I fully admit that sometimes the distorting effects of communal viewing can make rather than break a viewing experience. One of my fondest moviegoing memories is of an evening when I and a friend each drank seven-or-so double Southern Comfort and lemonades before staggering into The Dukes of Hazzard (2005) and proceeding to laugh like morons for 106 minutes. If I’d been sitting behind us sober I probably would have hated us with a burning passion (not to mention the movie), but locked into that little universe of private, drunken pleasure I had the time of my life. Now, while I could never deny that Dukes is one of my favourite movies of all time, I can also never deny that (aside from Johnny Knoxville’s infectious laugh, some world-class car wrangling, and a bitchin’ soundtrack) it is also quite a ‘bad‘ film. The rub here is that the quality of the movie had absolutely nothing to do with my experience of it which was and shall hopefully remain totally, joyously skewed by the presence of a beloved friend and sweet liquor. However, actually judging a film for what it is rather than merely enjoying it requires very different tools and surroundings. I’m not completely satisfied unless I can repeatedly rewatch key scenes, pause it to scrutinise individual frames, scribble notes, slouch around in my underpants, and generally do all the things which a crowded multiplex makes socially unacceptable, if not actually impossible.

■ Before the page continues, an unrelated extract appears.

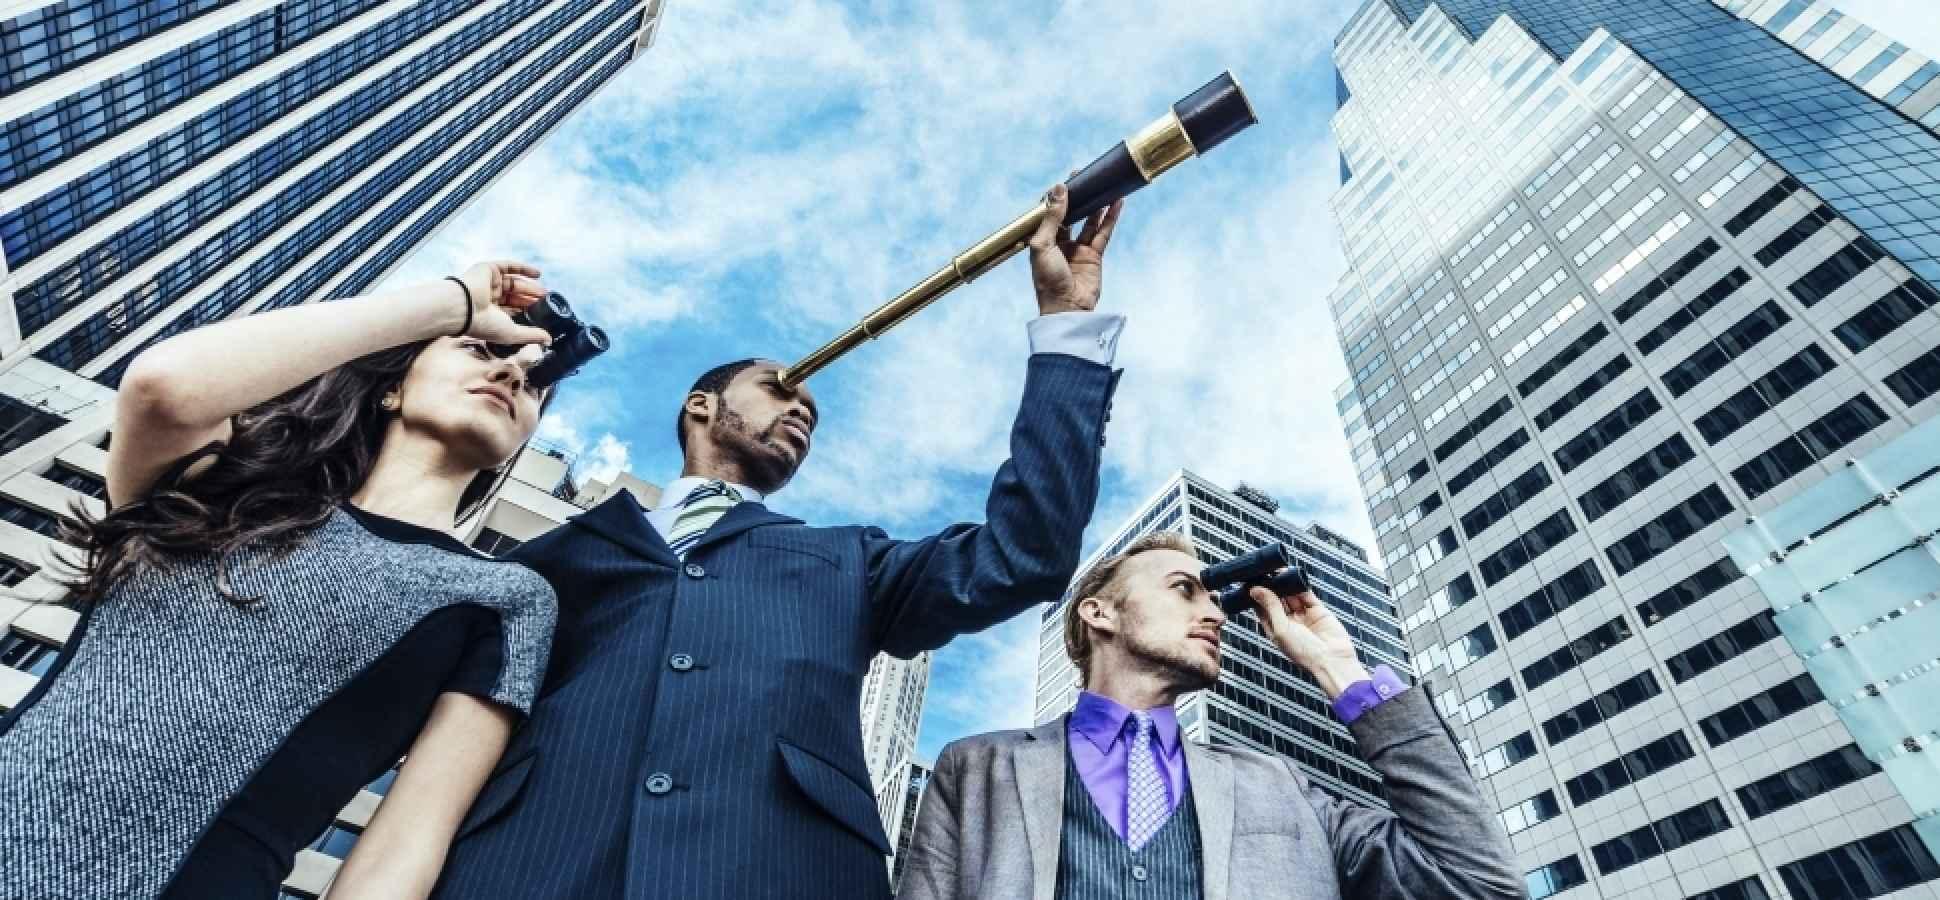 10 Steps for Success as an Entrepreneur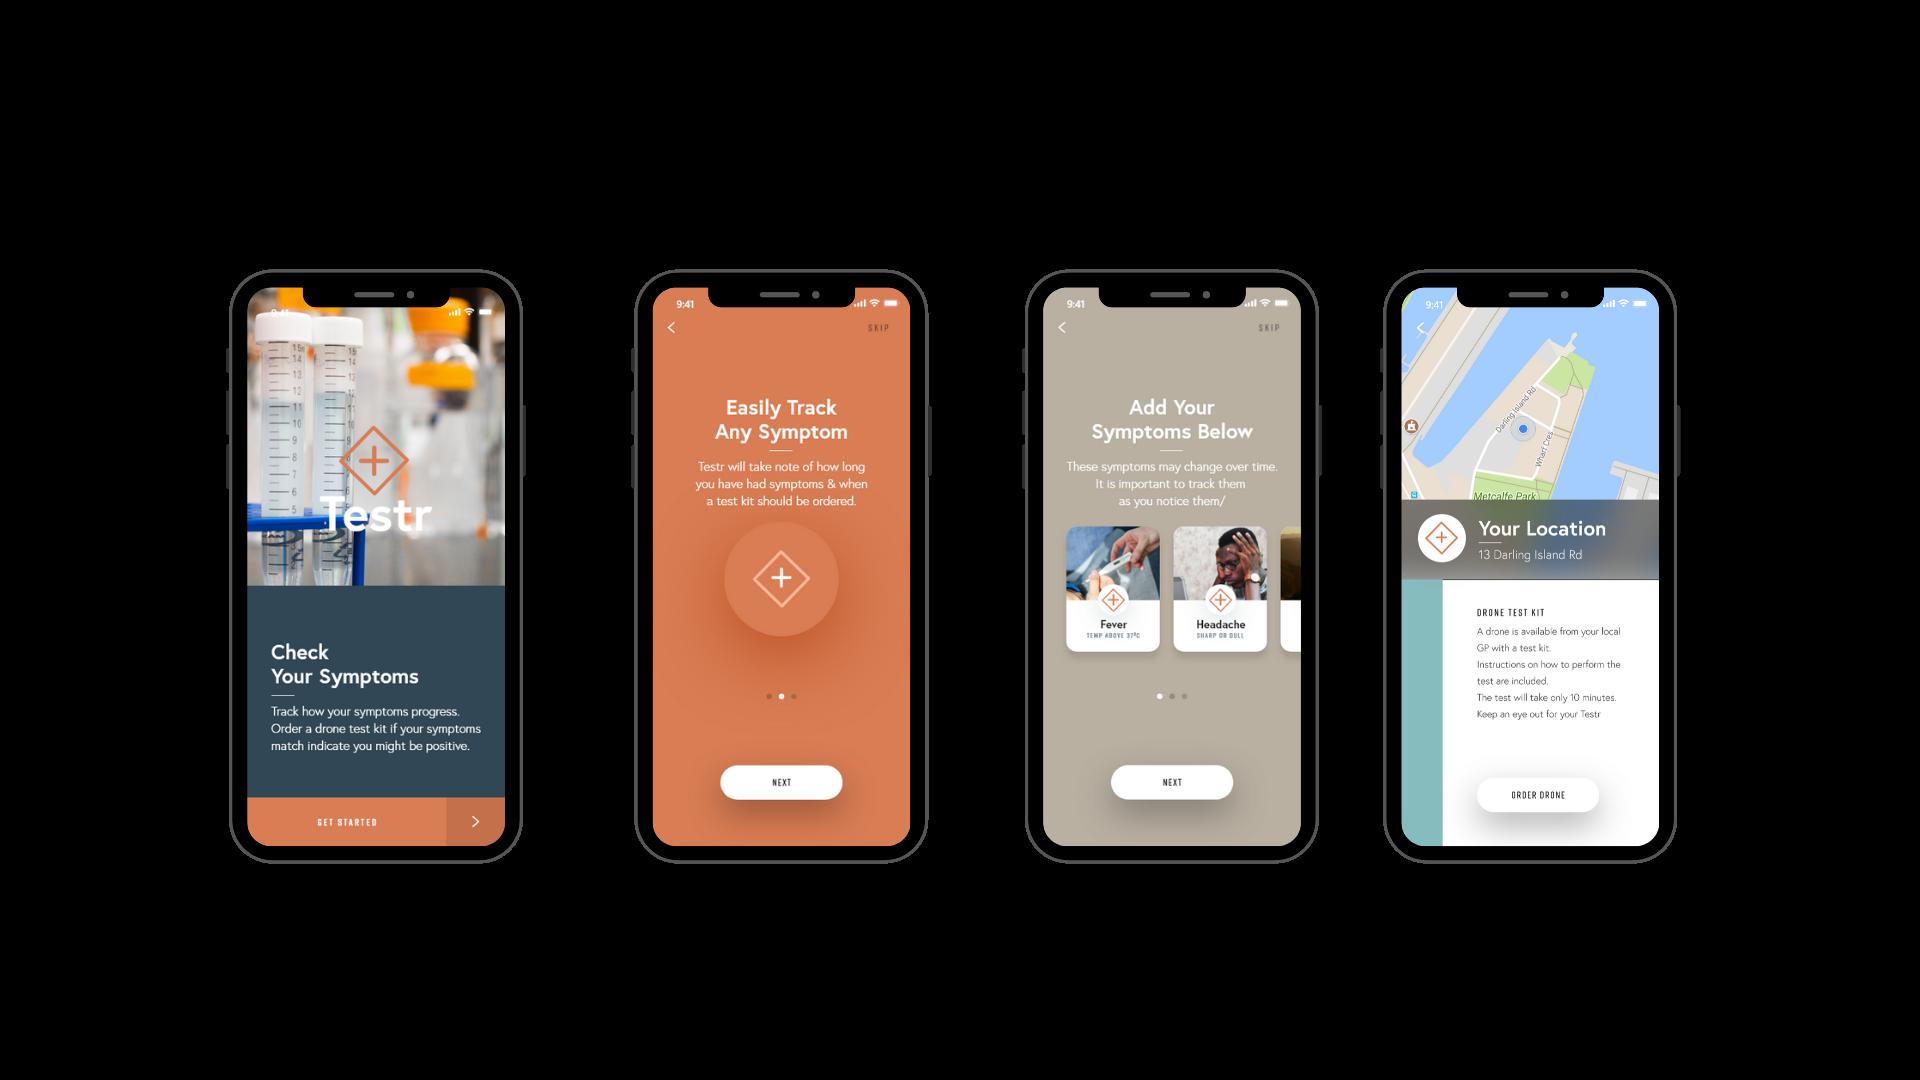 Testr: The Symptom Tracker App & Home Test Kit

Recent concern over the effects of piracy on the box office have occasionally heralded a potentially apocalyptic Death of Cinema, as audiences join me in retreating to their bedrooms and defiantly removing their trousers. Certainly the desperation with which the industry is currently fighting back, on a rising tide of unnecessarily 3-D releases, does suggest a humiliating struggle for self-preservation. However, such fears are clearly unwarranted. Illegal file-sharing has raised similar concerns in the music industry but has completely failed to kill off the popularity of live performances, or their profitability for bands, for the simple reason that actually listening to music is only part of the fun. In the same way cinemas will never be out of business because, unfortunately for me, most people don’t go there just to consume films but to congregate around them, sharing in a noisy and continuous exchange of opinion and sensation. And that’s actually pretty great – if all you want to do is enjoy yourself. If you want to love a film, by all means see it at the cinema, preferably in good company and at least partially drunk. If you want to actually watch it then buy a DVD, close the blinds, strip to your underpants and, for God’s sake, shut the fuck up.